The gardens were another shock, full of weeds. Eddie had always kept them pristine-of course, a dirtwitch's trade is in his garden. Skinlin are mostly concerned with growing things, like hedgewitches, but hedgewitches are more interested in using plant material to accessorize spellwork. Skinlin are the modern equivalent of kitchen witches; most of them work for biotech firms, getting plants to give up cures for mutating diseases and splicing together plant DNA with sonic magick or complicated procedures. Their only real drawback is that they're berserkers in a fight. A Skinlin in a rage is like a Chillfreak-they don't stop even when wounded. Eddie was fast, mean, and good; I never wanted to fight him.

I trudged up to the front door as night began to breathe in the garden, more disturbed than I could have ever admitted. The mark on my shoulder pulsed steadily like a heartbeat. Japhrimel, keeping contact with me the only way he could.

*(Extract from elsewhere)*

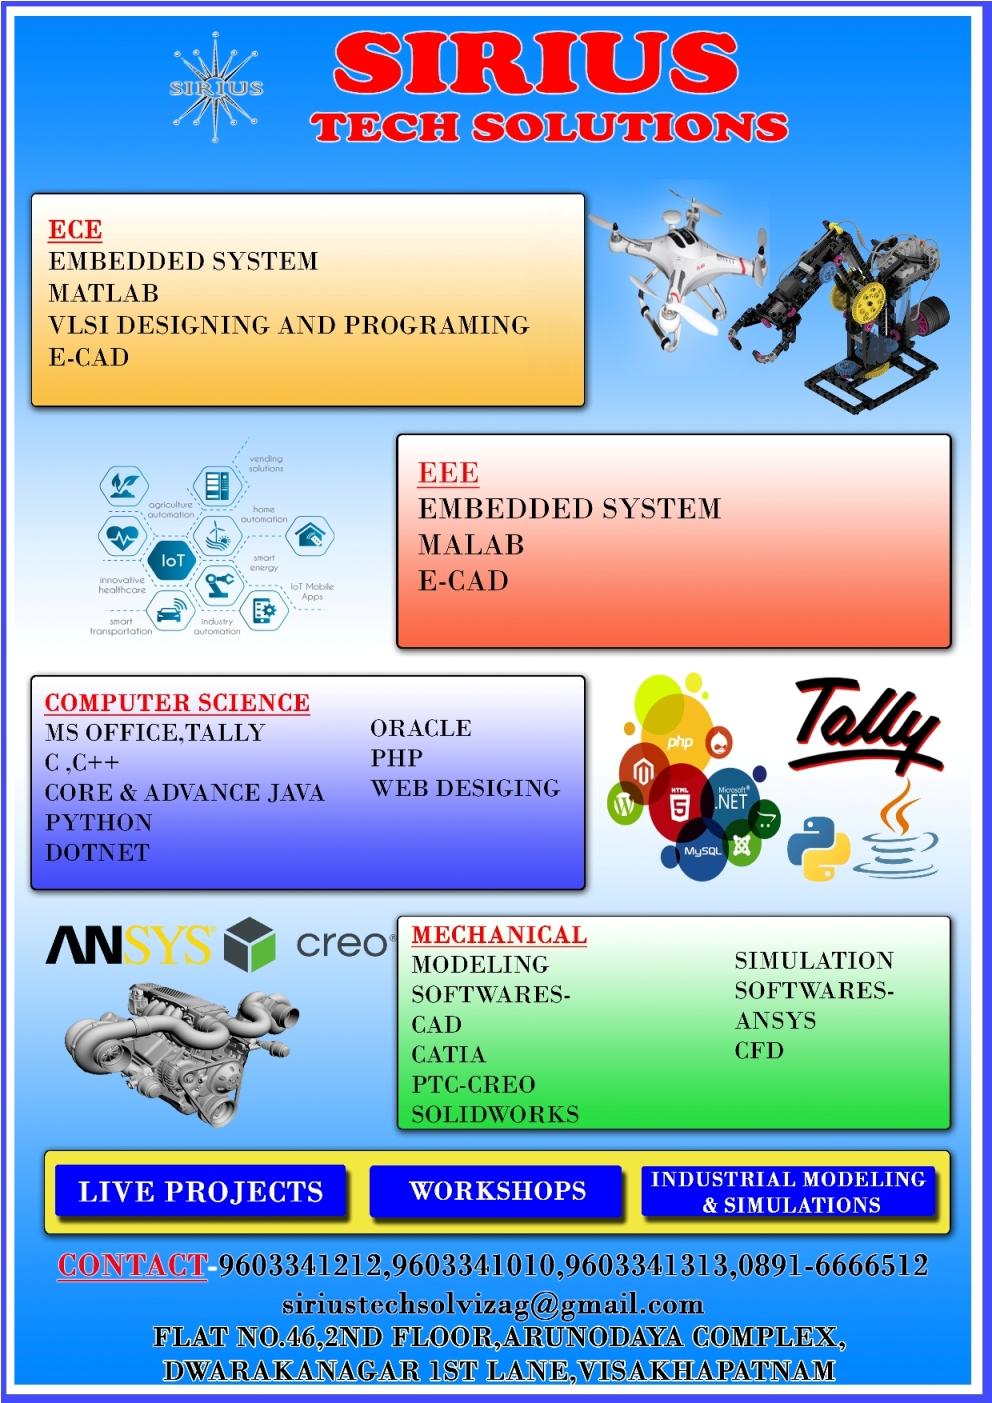 VLSI Design Course in Visakhapatnam, VLSI Design Training in

Is it the only way he can? I've heard his voice inside my head before, been able to call him without words. The thought froze me on the step, my hand raised to knock on Gabe's red-painted door. The house simmered above me, three stories of brownstone with even more shielding wedded to its physical structure. Would I know it if Japhrimel was inside my mind right now, a thin shadow under my thoughts?

The idea called up a nervous flare of something close to panicked loathing. Communication was one thing, but thinking the cubic centimeters inside my skull might not be wholly my own was…

You learn early that your body betrays you-it's your mind that has to stay impregnable. Polyamour's voice echoed in my memory, husky and beautiful. I shivered, pushed the thought away.

The door opened. Gabe regarded me with her dark eyes. The final shock was the worst one, I think, the one that made the world go gray and the mark on my shoulder smash with pain that shocked me, brought me up and made me gasp. My emerald burned on my cheek, answering hers.

Gabriele Spocarelli, Necromance and my friend, had aged.